Case 28 – Young Woman Feeling Sick and Confused

Abstract

A 32-year-old right-handed woman developed persistent fever with malaise and nausea. The symptoms persisted for 2 weeks, after which she was admitted because of delirium, amnesia, and repetitive generalized convulsions with loss of consciousness. She had no remarkable past and family medical history, which included a history of abortions and thyroiditis. However, she had gained a body weight of 20 kg in the 1 year preceding this episode. She was not on medication and did not smoke or consume alcohol.

Case 28 Young Woman Feeling Sick and Confused

Masamichi Ikawa , Akiko Matsunaga , and Makoto Yoneda

28.1 Clinical History

28.2 Examination

At admission, the patient had a body temperature of 37.2°C, blood pressure of 120/80 mmHg, pulse rate 70 beats per minute, regular respiratory rate of 12 breaths per minute, and oxygen saturation of 97% (room air). The patient’s height was 167 cm, while the weight was 70 kg (body mass index: 25.1). The physical examination findings were unremarkable; we did not find edema in the extremities or enlargement of the thyroid gland. The patient was drowsy and in a state of confusion, along with amnesia. The function of the cranial nerves was intact. Muscular weakness, sensory disturbance, cerebellar ataxia, and involuntary movements were not observed. Tendon reflexes in the extremities were diminished without pathological reflex.

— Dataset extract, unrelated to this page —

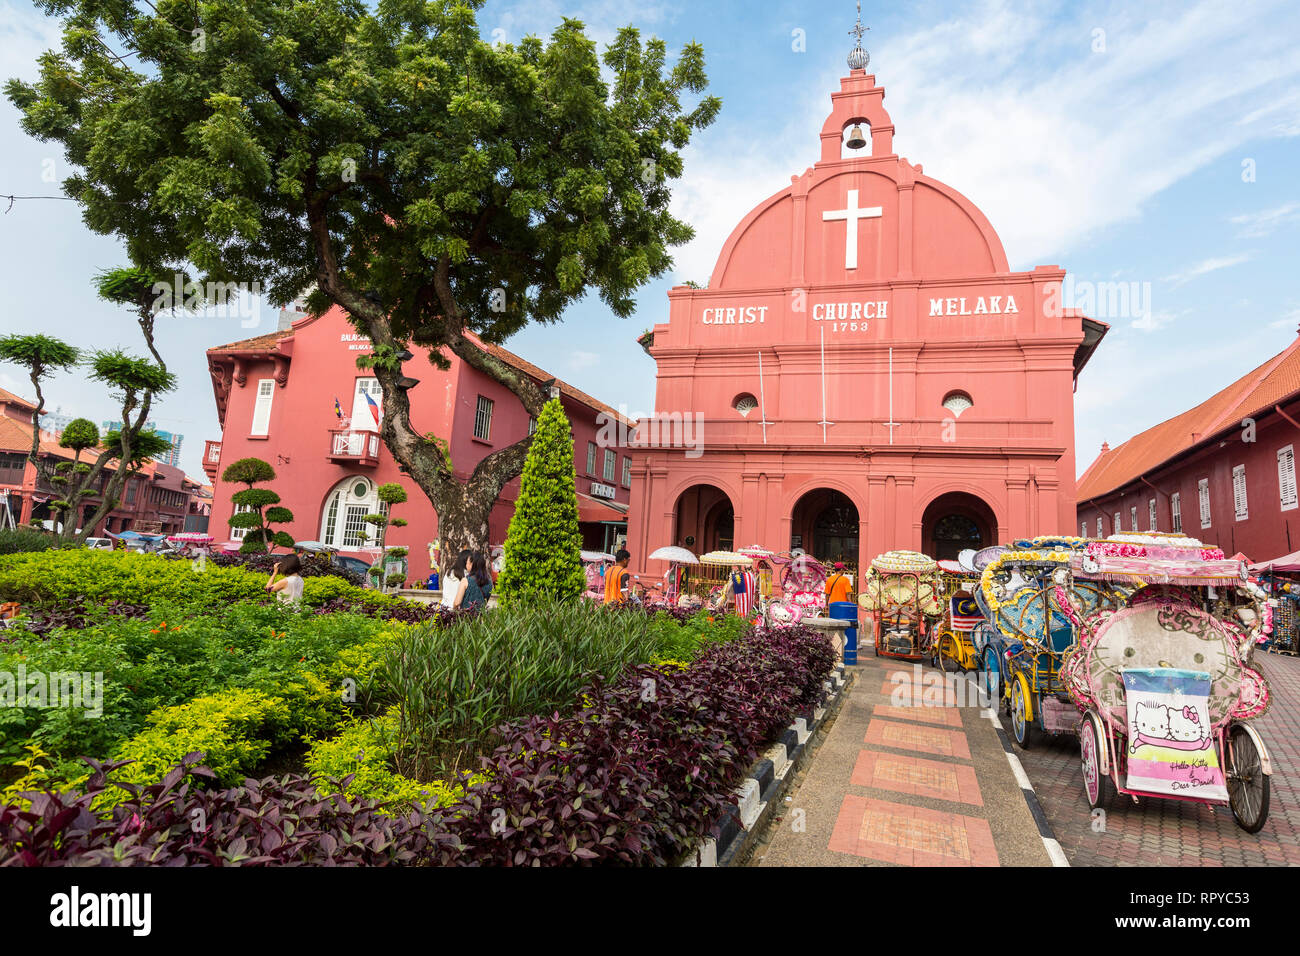 Trishaws Await Tourists in front of Christ Church, Built 1753, Melaka, Malaysia. Stock Photo
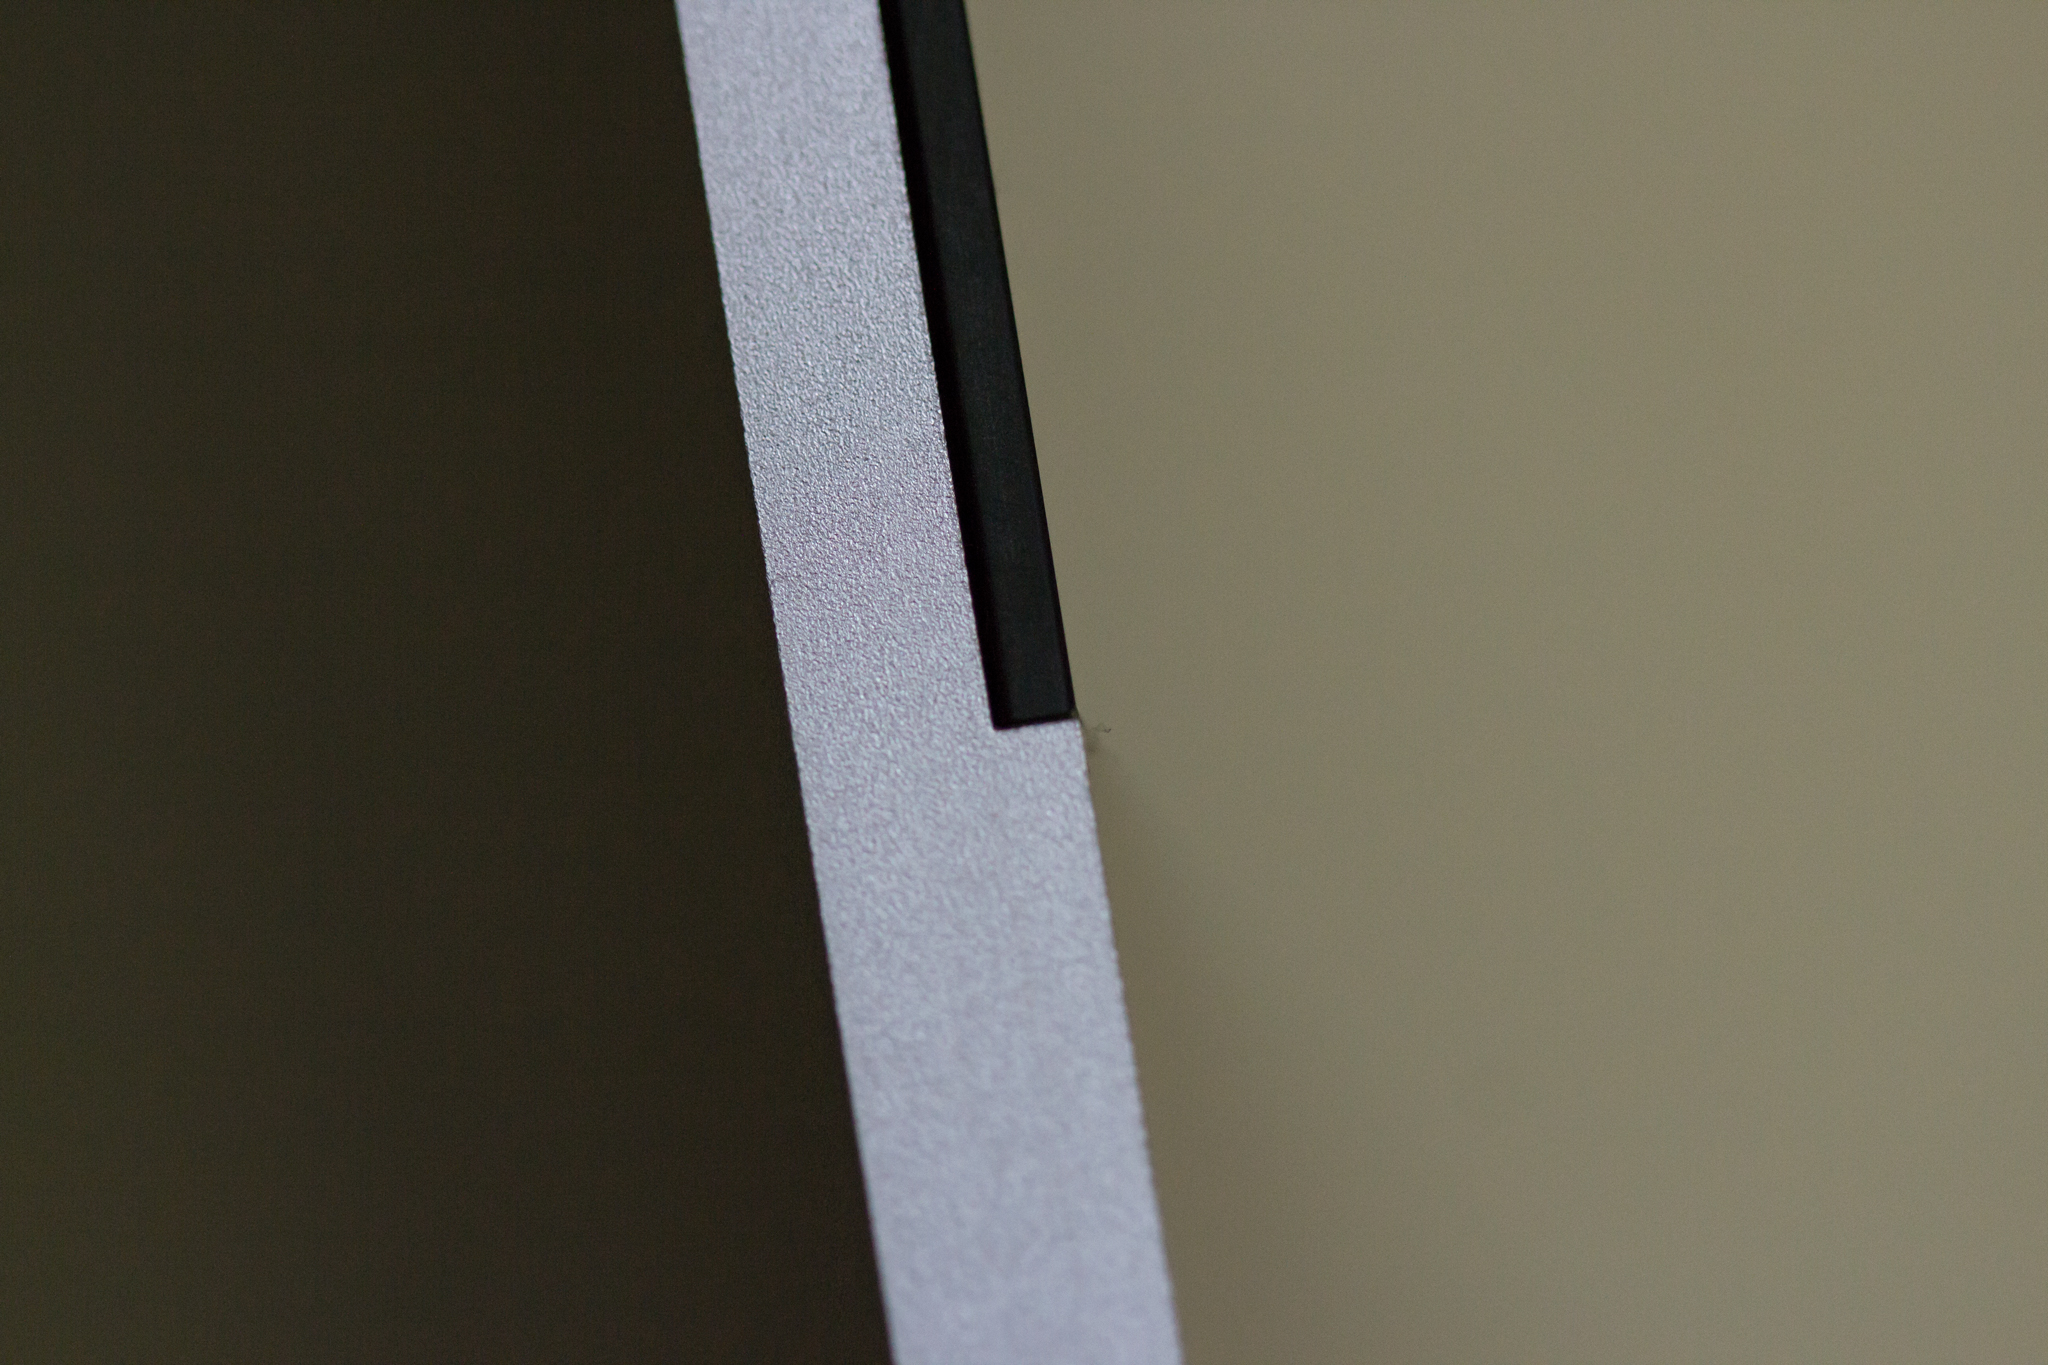 2012 iMac edge close-up

All routine laboratory data, including the white blood cell count (2,800/mL), serum sodium level (141 mEq/L), and CRP level (0.2 mg/dL) were normal. Although the patient was clinically euthyroid (TSH: 0.9 IU/mL, free T4: 1.2 ng/mL), both the antithyroid peroxidase (TPO) and anti-thyroglobulin (TG) antibodies were detected (57.5 IU/mL and 0.6 IU/mL, respectively; normal < 0.3 for both). Antibodies to nuclear (ANA), ds-DNA, Sm, and U1-RNP as well as C-ANCA and P-ANCA were not detected. Tumor marker test results for CA19–9 and CA125 were also negative. Cerebrospinal fluid (CSF) examination showed normal protein concentration (31 mg/dL) and no pleocytosis (1 cell/mL). DNA of herpes simplex virus 1 (HSV-1) and bacterial cultures were not detected. Lactate and pyruvate levels were normal in both the serum and CSF samples. Electroencephalogram (EEG) revealed generalized slow waves with sporadic sharp waves. Brain MRI showed swelling with hyperintensities on fluid-attenuated inversion recovery (FLAIR) images in the bilateral medial temporal lobes and the insular cortices (Figure 28.1), suggesting limbic encephalitis. No obvious contrast-enhanced lesions were observed on the MRI. No tumors were identified on chest and abdominal CT images.

Figure 28.1 Brain MRI findings of the patient. FLAIR images show swelling with abnormal hyperintense signals in the bilateral medial temporal lobes (arrows), suggesting limbic encephalitis. Transverse (a) and sagittal images (b). R, right.

28.3 Special Studies

The symptoms and findings indicating encephalitis, such as persistent fever, psychosis, and dementia with seizures and abnormalities in the limbic areas on MR images, along with no evidence of infection suggested that the patient had a form of autoimmune limbic encephalitis (LE), particularly Hashimoto’s encephalopathy (HE), because of the presence of antithyroid (TPO and TG) antibodies. Myxedema was excluded because the patient was euthyroid. Thus, we examined the serum for autoantibodies against the amino (NH₂)-terminal of α-enolase (NAE), a specific diagnostic marker of HE.¹ Immunoblotting of a recombinant NAE protein with the patient’s serum sample showed a positive result for anti-NAE antibodies (titer, ×320) (Figure 28.2). In order to exclude other types of autoimmune limbic encephalitis, the serum sample was also tested for autoantibodies against the N-methyl-D-aspartate receptors (NMDAR), leucine-rich glioma inactivated 1 (LGI1), contactin-associated protein 2 (Caspr2), γ-aminobutyric acid-B receptor (GABA_BR), and α-amino-3-hydroxy-5-methylisoxazole-4-propionic acid receptor 1 and 2 (AMPAR1/2), none of which were detected in the serum. Paraneoplastic antibodies to Hu, Yo, and Ri were also not detected.